YouTube Video Proof of Concept

I created a new YouTube Video with technical Explanation for breaking Google's Audio reCAPTCHAs:

Breaking Audio ReCaptcha Video

Click on the image below to see the bot in action:

Breaking Audio ReCaptcha Video

Conclusion

After a while, Google blocks you based on one of (or combination of):

  1. Your IP address
  2. Your Browser fingerprint
  3. Your Browser JavaScript configuration if using headless browsers
  4. Or the lack of human-like behavior such as mouse events or touch events

BUT: The Audio reCAPTCHA itself is completely, utterly broken. The normal, visual reCAPTCHA still works more or less. But it's a matter of time I guess.

My estimation is: In 2021 and the near future, there is no other way to tell humans apart from bots than to:

  1. Record massive amounts of real human website behavior (mouse movements, scrolling, touch events, window resizing)
  2. Train an advanced Artificial Neuronal Network with this data
  3. And classify live behavioral data of website users

Kinda interesting times.

Introduction

This repository uses the research work from the authors of uncaptcha2.

The original scientific paper can be found here.

The authors propose a method to solves Google's Audio ReCaptcha with Google's own Speech-to-Text API.

Yes you read that correctly: It is possible to solve the Audio version of ReCaptcha v2 with Google's own Speech-to-Text API.

Since the release of uncaptcha2 is from Janunary 18, 2019, the Proof of Concept code does not work anymore (as the authors predicted correctly).

This repository attempts to keep the proof of concept up to date and working.

Changes compared to uncaptcha2

Audio Download Option was removed

The ReCaptcha audio download link does not work anymore, Google removed the download option.

Therefore, the audio download link has to be obtained via the Developer Console and a small JavaScript snippet.

If I am not mistaken, ReCaptcha sanctions the opening of dev tools.

Therefore, the better way is to start the chrome browser in debug mode and to obtain the audio download url via puppeteer and the chrome remote debug protocol. This method is implemented in the script getCaptchaDownloadURL.js.
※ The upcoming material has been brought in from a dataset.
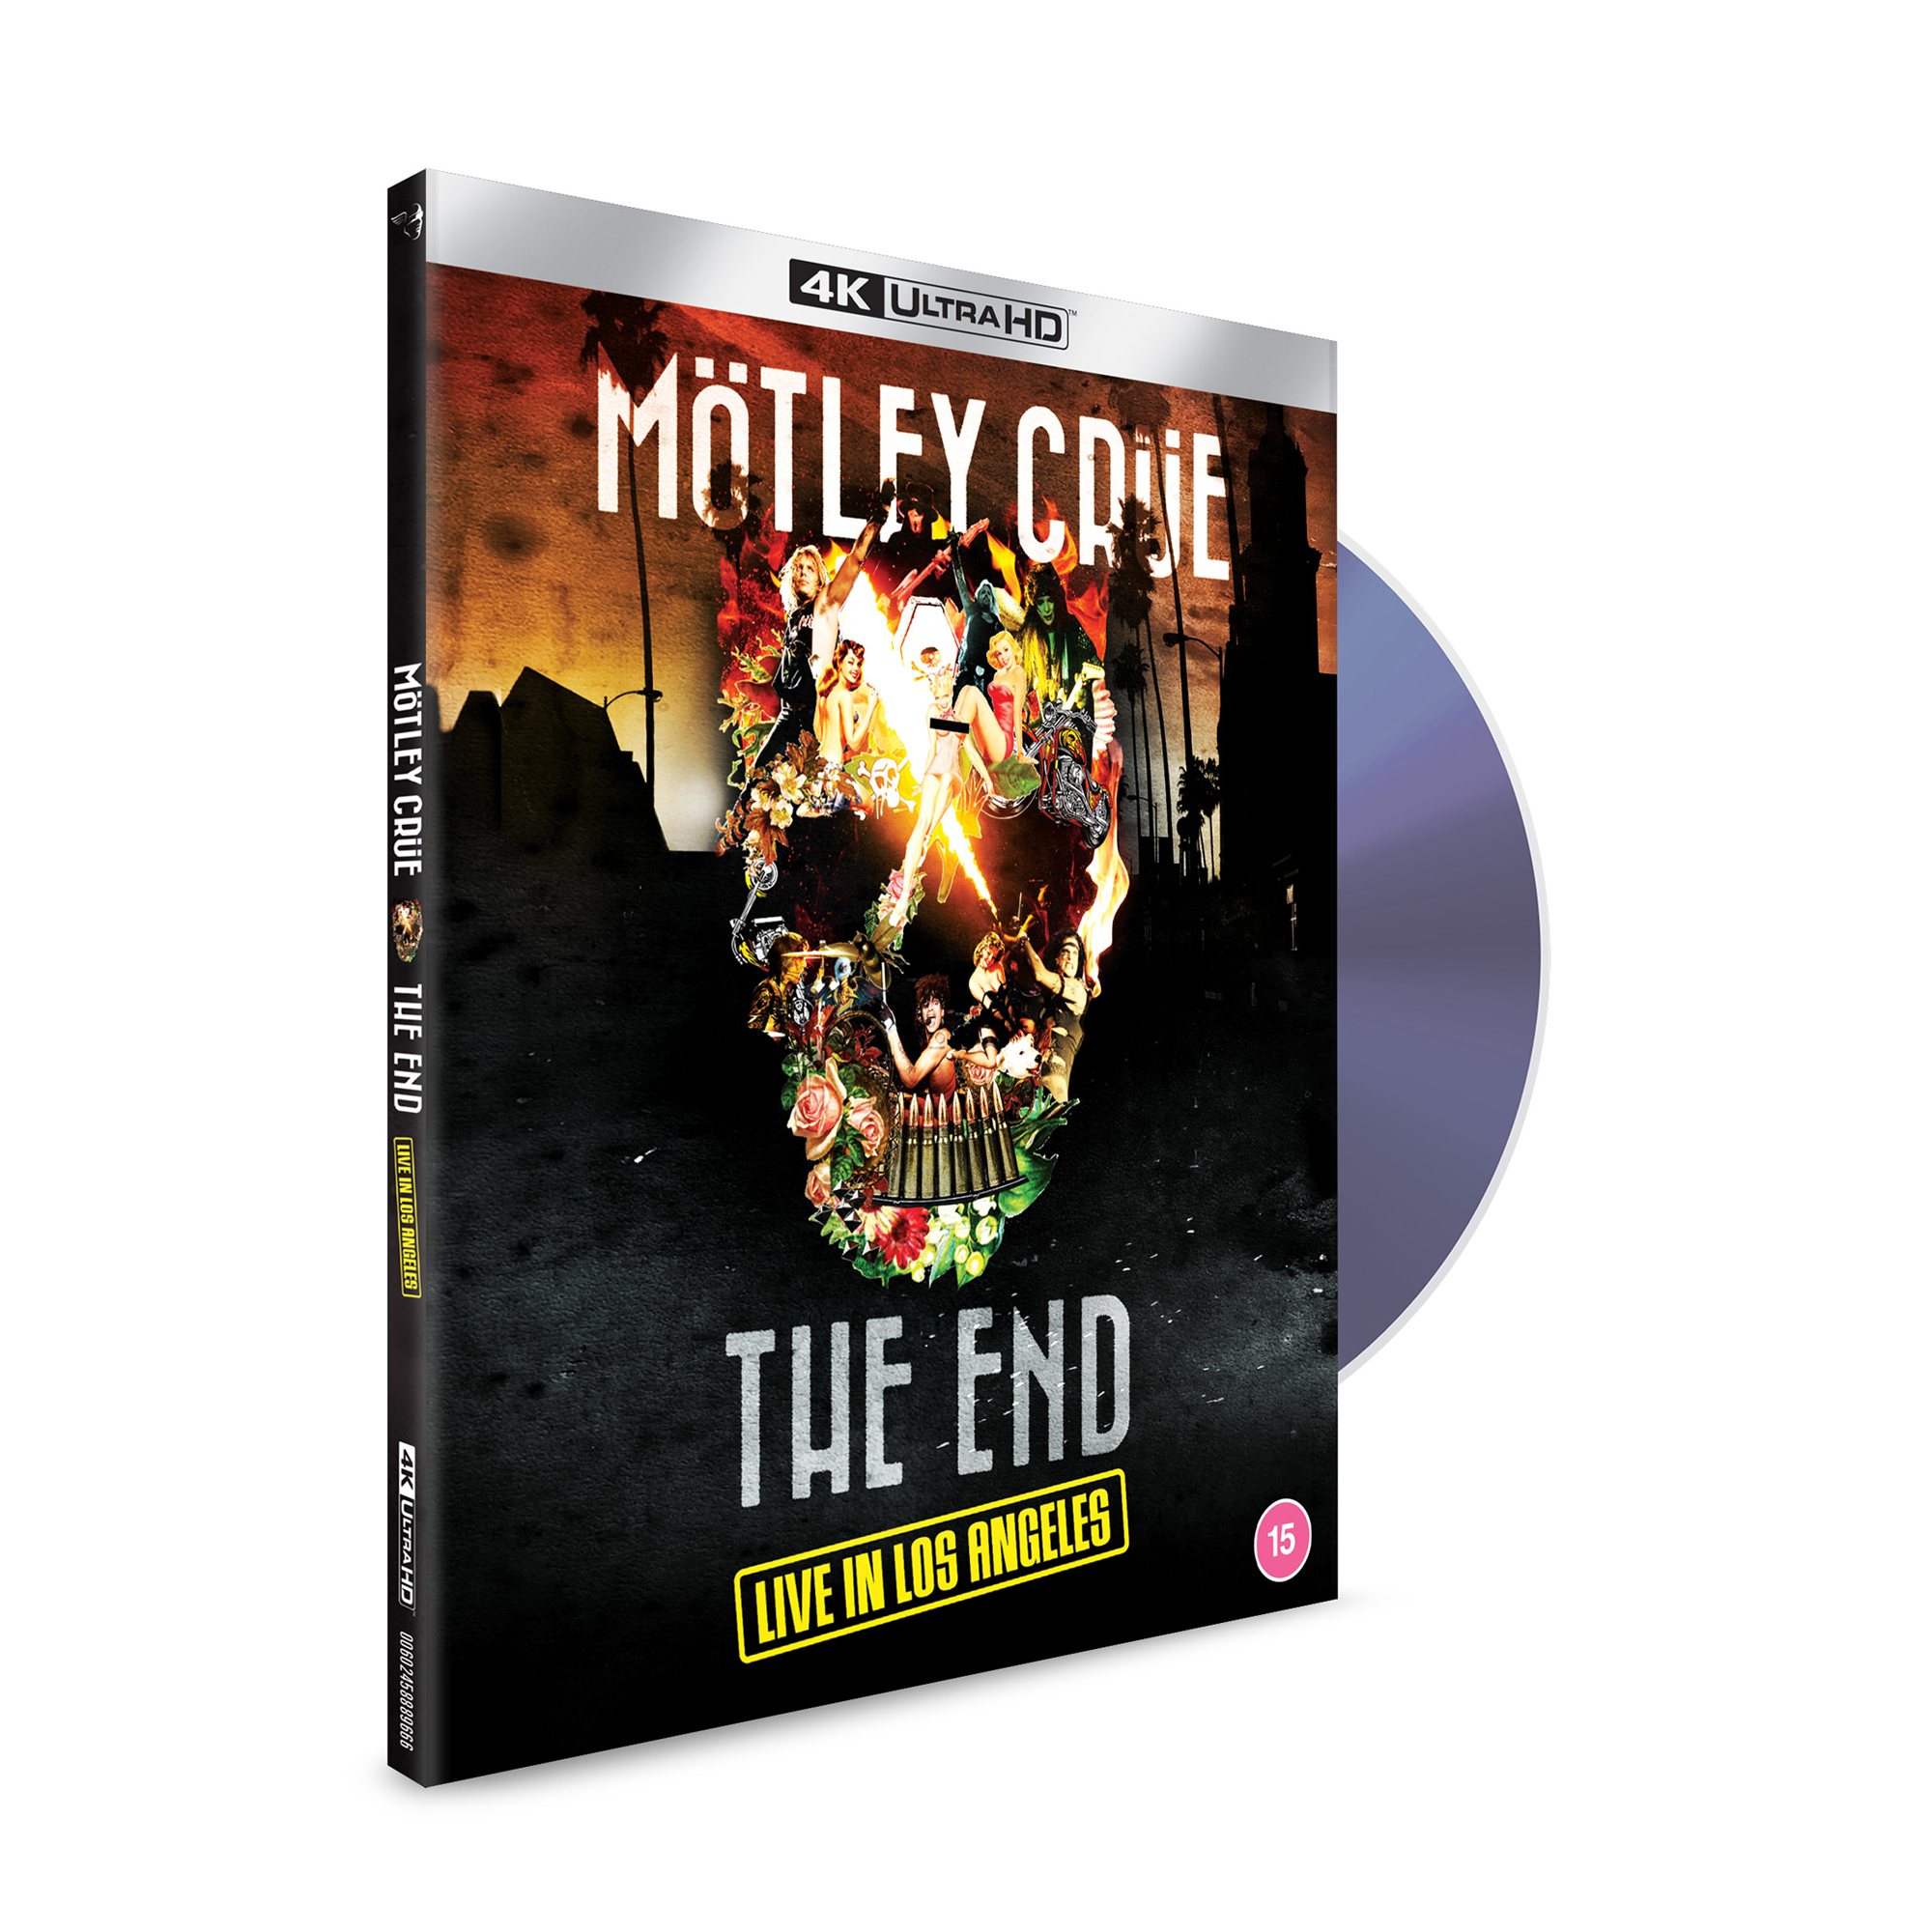 Motley Crue - The End - Live In Los Angeles: 4K UHD Blu-Ray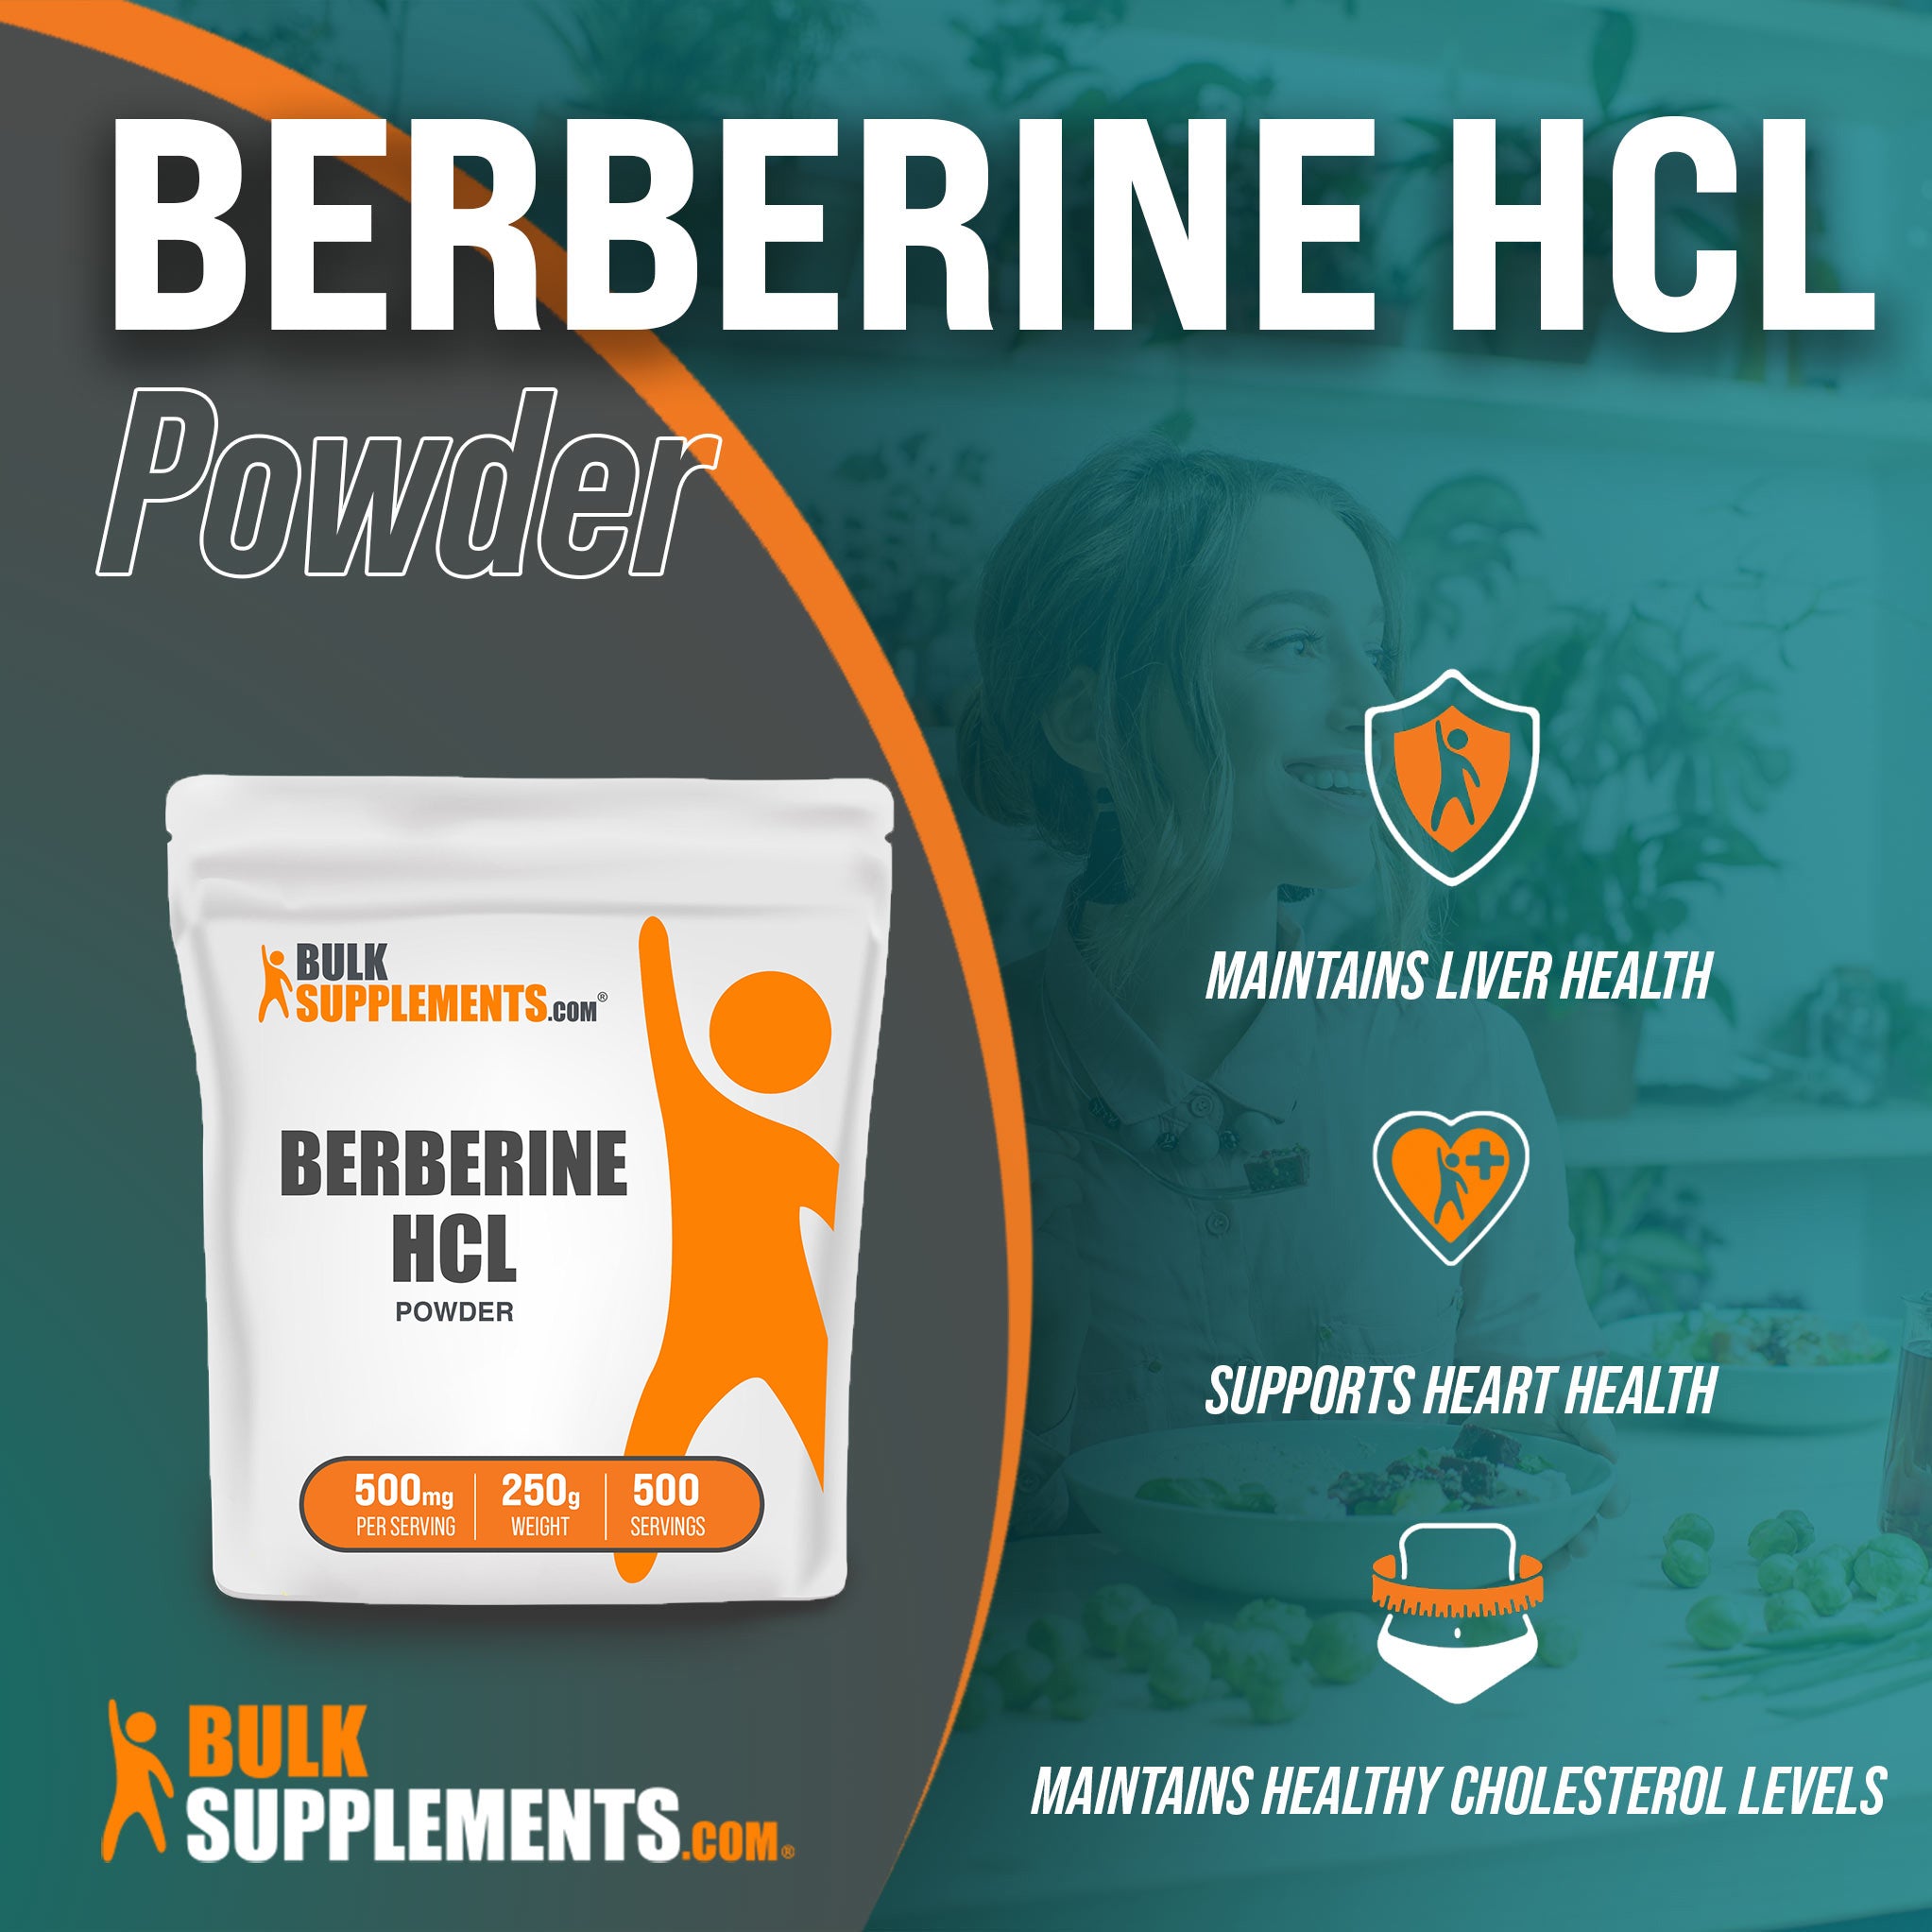 Berberine HCl Powder from Bulk Supplements

This method is currently used.

However, I fear that there are ways for ReCaptcha to detect if the browser is started in debug mode with the command line flag --remote-debugging-port=9222.

Randomized Mouse Movements

I randomized the mouse movements a bit and created random intermediate mouse movements before going to the target destination.

Regarding this, there is much more possible.

Known Issues

Of course Google is not easily tricked. After all, ReCaptcha v3 is still based on ReCaptcha v2. When you think that 97% 91% of all captchas can be solved with this method in production, I need to warn you:

Google is very reluctant to serve the audio captcha. After all, audio captchas are supposed to be solved by visually impaired people.

I assume that there is a simple counter for serving audio captchas. If more than X audio captchas were served, Google will simply block you.

Even if you are navigating as real human being to the audio captcha, you will often get banned by ReCaptcha. If you are not logged into the Google account, you will get very often the following error when attempting to solve the audio captcha:

Google Says no to the audio captcha

I do not know how Google decides to block you, but I heavily assume that the very simple act of repeatingly prompting for the audio captcha is enough to become suspicious.

Installation

The code was developed and tested on Ubuntu 18.04.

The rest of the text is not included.